Issue 29751: PyLong_FromString documentation wrong on numbers with leading zero and base=0 (original) (raw)

Created on 2017-03-07 21:27 by cubinator, last changed 2022-04-11 14:58 by admin. This issue is now closed.

Messages (13)

msg289188 - (view)

Author: Cubi (cubinator)

Date: 2017-03-07 21:27

Calling PyLong_FromString(str, NULL, 0) fails, if str is a string containing a decimal number with leading zeros, even though such strings should be parsed as decimal numbers according to the documentation:

"If base is 0, the radix will be determined based on the leading characters of str: if str starts with '0x' or '0X', radix 16 will be used; if str starts with '0o' or '0O', radix 8 will be used; if str starts with '0b' or '0B', radix 2 will be used; otherwise radix 10 will be used"

Examples: PyLong_FromString("15", NULL, 0); // Returns int(15) (Correct) PyLong_FromString("0xF", NULL, 0); // Returns int(15) (Correct) PyLong_FromString("015", NULL, 0); // Should return int(15), but raises ValueError: invalid literal for int() with base 0: '015'

Version information: Python 3.5.2 (v3.5.2:4def2a2901a5, Jun 25 2016, 22🔞55) [MSC v.1900 64 bit (AMD64)] on win32

msg289190 - (view)

Author: Martin Panter (martin.panter) * (Python committer)

Date: 2017-03-07 21:47

My guess is this is supposed to emulate (or is actually the implementation of) the "int" constructor and the Python syntax.
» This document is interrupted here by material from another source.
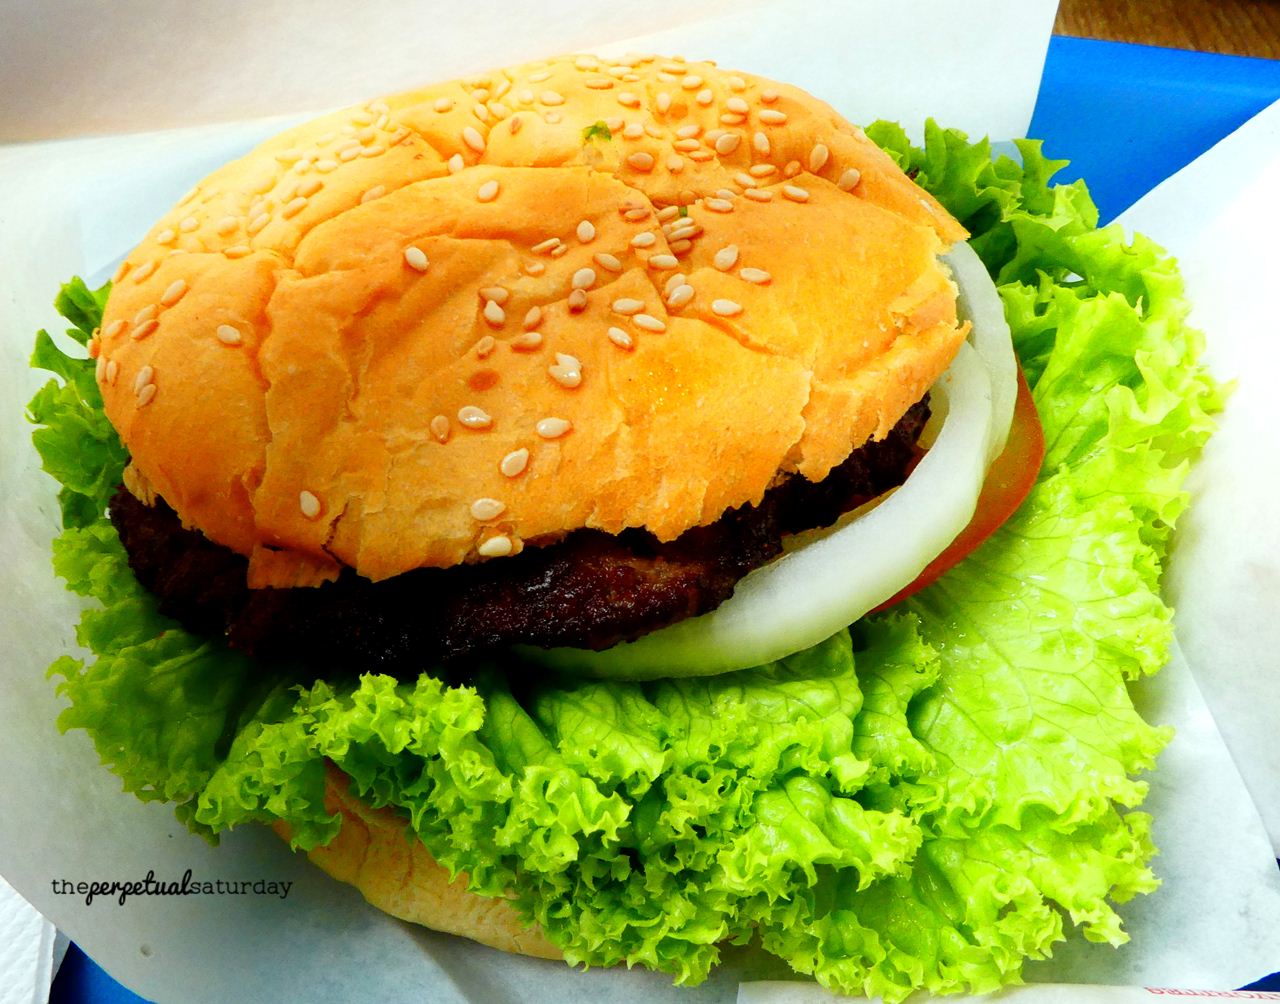 Hamburger (RM8.50) @ Harley's, Damansara City Mall

In these cases, numbers with leading zeros are disallowed. This was to help with Python 2 porting, where a leading zero specified an octal number.
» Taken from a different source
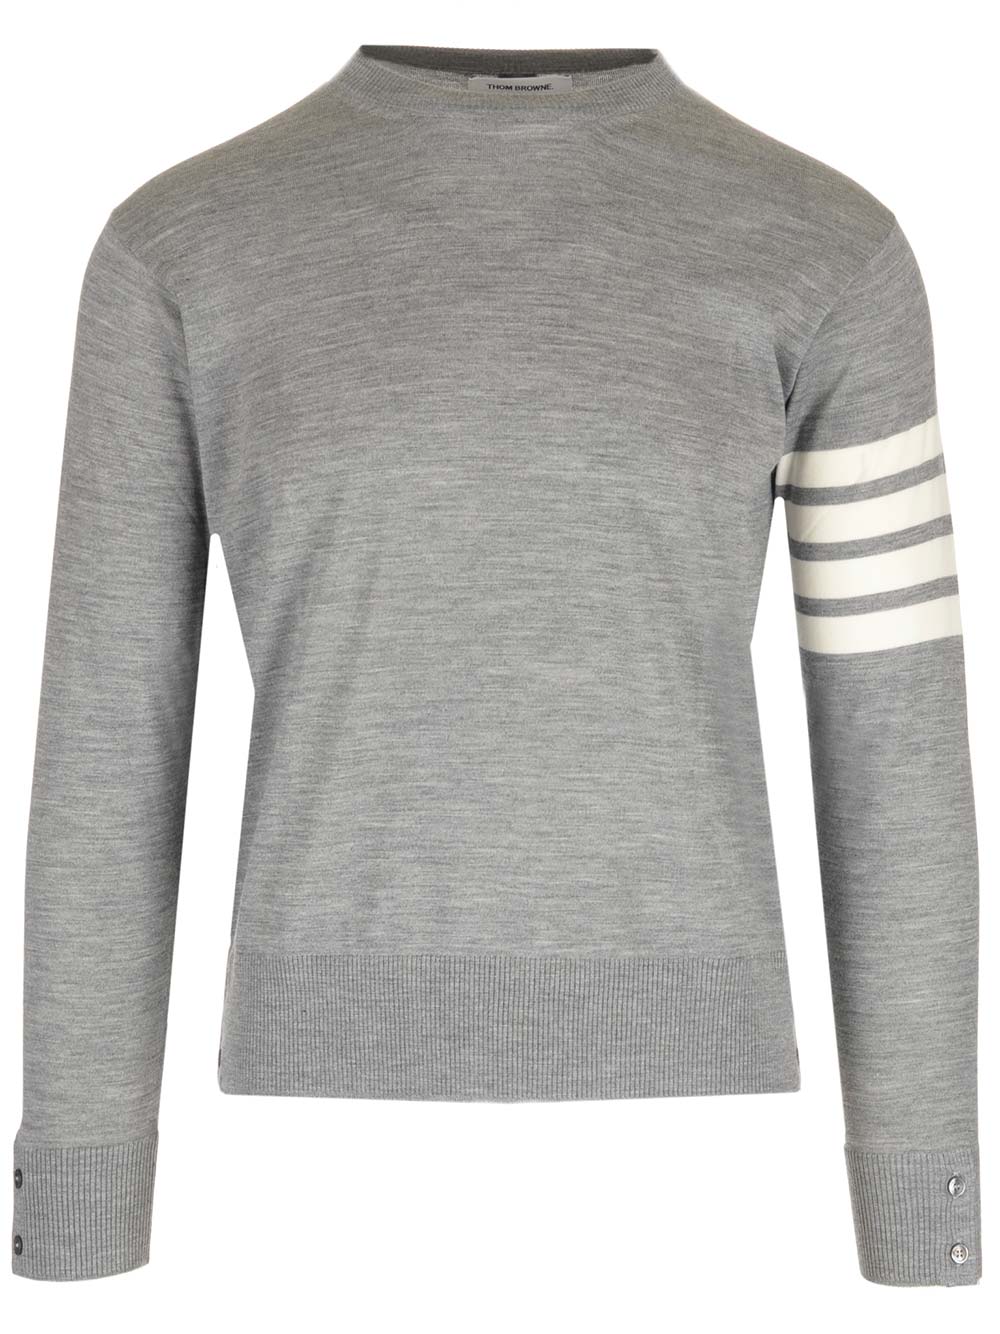 Shop Thom Browne Grey Merino Wool Sweater

010 010 ^ SyntaxError: invalid token int("010", 0) ValueError: invalid literal for int() with base 0: '010'

Maybe it is better to fix the documentation.

msg289219 - (view)

Author: Mark Dickinson (mark.dickinson) * (Python committer)

Date: 2017-03-08 08:47

Yes, PyLong_FromString is directly used by the implementation of int, and is also used in parsing of numeric integer literals in source:

https://github.com/python/cpython/blob/cb41b2766de646435743b6af7dd152751b54e73f/Python/ast.c#L4084

So I agree that this is a documentation bug. There's also no mention of the support for underscores in the documentation.

msg290877 - (view)

Author: Cheryl Sabella (cheryl.sabella) * (Python committer)

Date: 2017-03-30 19:52

I have a pull request ready for the documentation, but I didn't understand the underscore usage, so I couldn't add that.

If you explain it, then I can try to add it.

msg290879 - (view)

Author: Terry J. Reedy (terry.reedy) * (Python committer)

Date: 2017-03-30 20:29

String arguments to int are quoted int literals. From https://docs.python.org/3/reference/lexical_analysis.html#literals 'Underscores are ignored for determining the numeric value of the literal. They can be used to group digits for enhanced readability. One underscore can occur between digits, and after base specifiers like 0x.'

For your patch, I would summarize this by expanding 'Leading spaces are ignored.' to the following (in patch comment also). "Leading spaces and single underscores after a base specifier and between digits are ignored."

msg290981 - (view)

Author: Cheryl Sabella (cheryl.sabella) * (Python committer)

Date: 2017-04-01 12:02

Thank you. I've added that change.

For the backporting, I think that would only be applicable to 3.6 and 3.7?

msg291019 - (view)

Author: Martin Panter (martin.panter) * (Python committer)

Date: 2017-04-02 03:20

Underscores are only applicable to 3.6+, but the original concern about leading zeros applies to 3.5.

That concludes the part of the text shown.